About me
Hi! I’m Francesco.
I am currently a Postdoctoral Researcher at the University of Oxford in the group of Rafal Bogacz. Previously, I did my PhD in Machine Learning and Theoretical Neuroscience at the University of Sussex, supervised by Christopher Buckley and Anil Seth. I also interned as an Applied Scientist at Amazon, helping to improve their model forecasts to deliver packages throughout Europe more efficiently.
My research focuses on understanding the training dynamics and scaling behaviour of artificial and biological neural networks. I like to understand things through the lens of optimisation theory, and am broadly interested in energy-based models, time-series forecasting, and all things AI-related.
Outside of work, I enjoy swimming and calisthenics, and am always up for a physical challenge!
News
- [Feb 2026] New preprint On the Infinite Width and Depth Limits of Predictive Coding Networks
- [Nov 2025] 🇬🇧 Postdoctoral Researcher, University of Oxford. Joining the group of Professor Rafal Bogacz to conduct research in theoretical neuroscience and machine learning.
- [Oct 2025] 🇲🇦 Visiting Researcher, UM6P (Morocco). Collaborating with El Mehdi Achour on LLM mixture of experts.
- [Sept 2025] 🇺🇸 Two Papers Accepted at NeurIPS 2025 (San Diego)
- Main track: μPC: Scaling Predictive Coding to 100+ Layer Networks —introduces a reparameterisation of predictive coding networks that allows stable training of 100+ layer models on simple tasks with hyperparameter transfer.
- Workshop: A Simple Generalisation of the Implicit Dynamics of In-Context Learning —extends a recent result on the theory of in-context learning in transformers.

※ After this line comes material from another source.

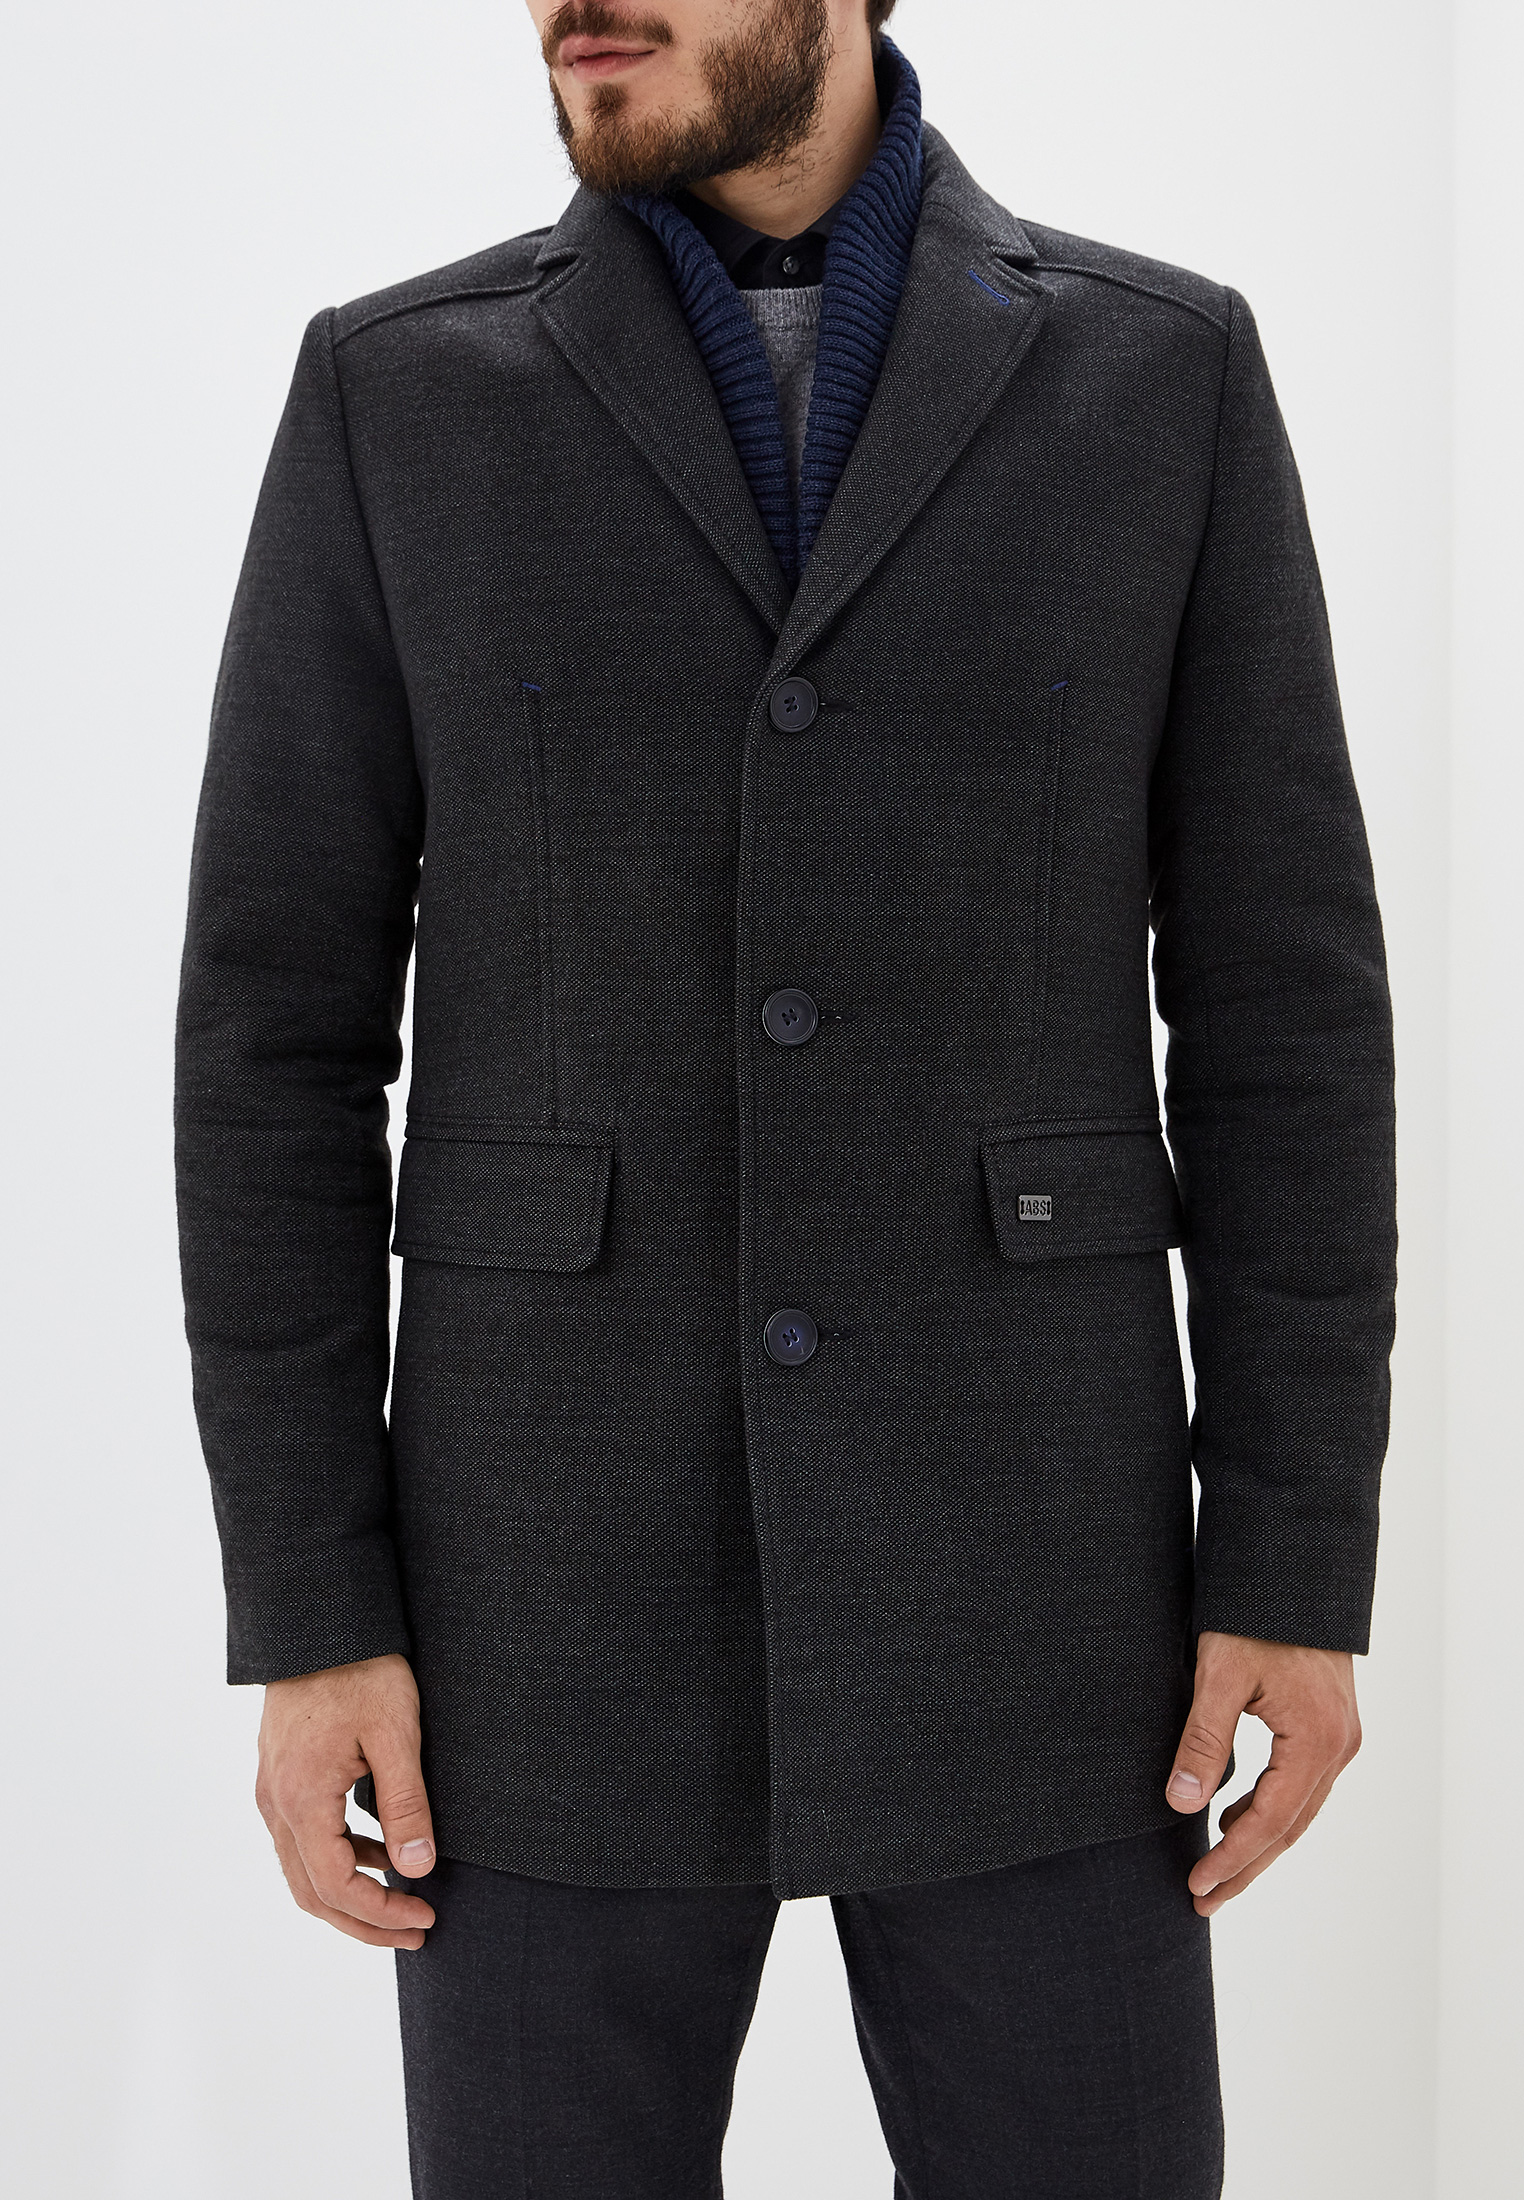 Absolutex. Пальто мужское ABSOLUTEX Exclusive модель 790кру. ABSOLUTEX пальто мужское. ABSOLUTEX Exclusive пальто мужское. ABSOLUTEX Exclusive пальто мужское коденый.

- [Jul 2025] Publication in the Journal of Statistical Mechanics: Theory and Experiment. A slightly updated version of our NeuIPS 2024 paper on the geometry of the energy landscape of predictive coding networks has just been republished here.
- [Dec 2024] 💻 Software release. We introduce JPC, a JAX library for training neural networks with Predictive Coding.
- [Sept 2024] 🇨🇦 Paper accepted at NeurIPS 2024. Only Strict Saddles in the Energy Landscape of Predictive Coding Networks? —See the blog post for the key takeaways.
- [Apr 2024] 🇪🇸 Applied Scientist Intern, Amazon (Barcelona). Completed an intership focusing on applied ML. Read about my experience here.
- [Jun 2023] 🏆 Best Workshop Paper Award at ICML 2023 (Hawaii). Our work on Understanding Predictive Coding as a Second-Order Trust-Region Method won a Best Paper Award at the ICML Workshop on Localized Learning.